CIC Going Green?

Ashby Monk

When I said a few weeks ago that SWFs should be investing in clean tech, I was thinking more of commodity-based SWFs. At the time, my rationale was as follows:

“Since sponsors of such funds typically rely on resources that will lose-out if the cleantech revolution succeeds, these investments would offer a very nice hedge over a long-term time horizon…getting in on the ground floor of clean tech would attenuate any loss of revenues associated with a technological advance that reduces our dependence on hydrocarbons.”

Well, I was right to suggest clean tech, but I was apparently wrong to leave out other types of SWFs.

The CIC has just invested over $700 million into GCL-Poly, which has 18 co-generation plants for steam and electricity, wind farms, an incineration plant, and is China’s largest polysilicon and solar wafer maker (after a large acquisition in June). The CIC will own 20% of the company and also have 49% ownership in a new joint venture to invest and develop photo-voltaic or other solar energy projects.

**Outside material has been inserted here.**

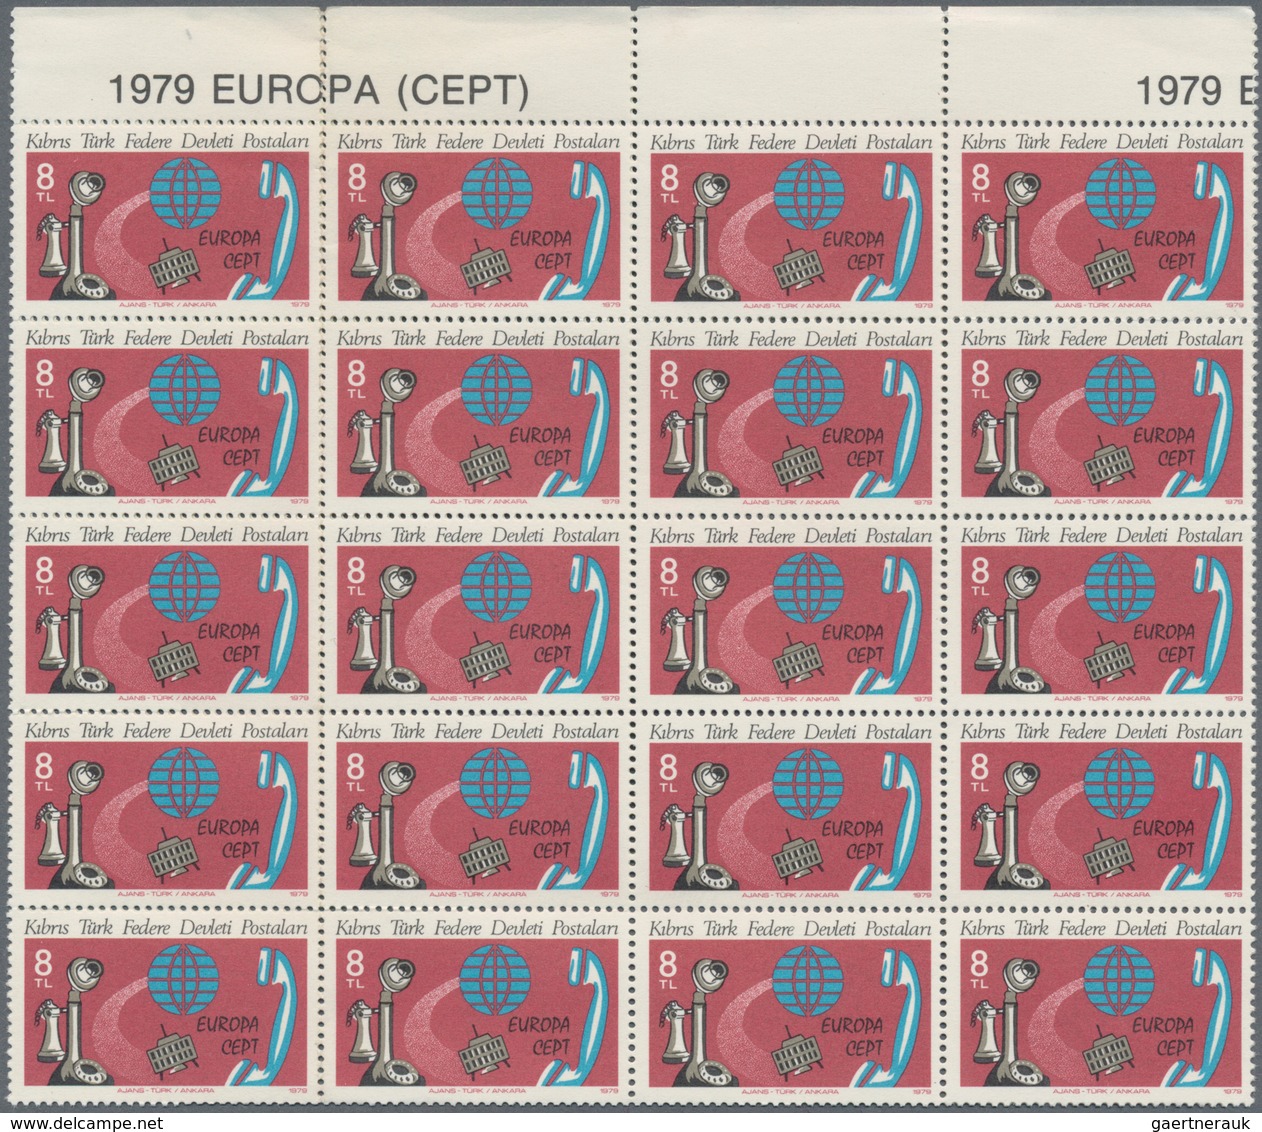 Thematik: Marke Auf Marke / Stamp On Stamp: 1979, Europa CEPT Stamps Of Faroe Islands And Northern C - Briefmarken Auf Briefmarken

What’s up? Is the CIC following Norway’s lead and adding environmental investing to its remit? I don’t think so. For a company that has been spending most of its assets on commodities lately, it would only be natural to diversify into clean tech.

Still, as someone who has been to the coal mining region around Datong, I can say without reservation that it’s nice to see the CIC (and China) nurturing this new, clean technology (even if the fund’s motivation remains commercial).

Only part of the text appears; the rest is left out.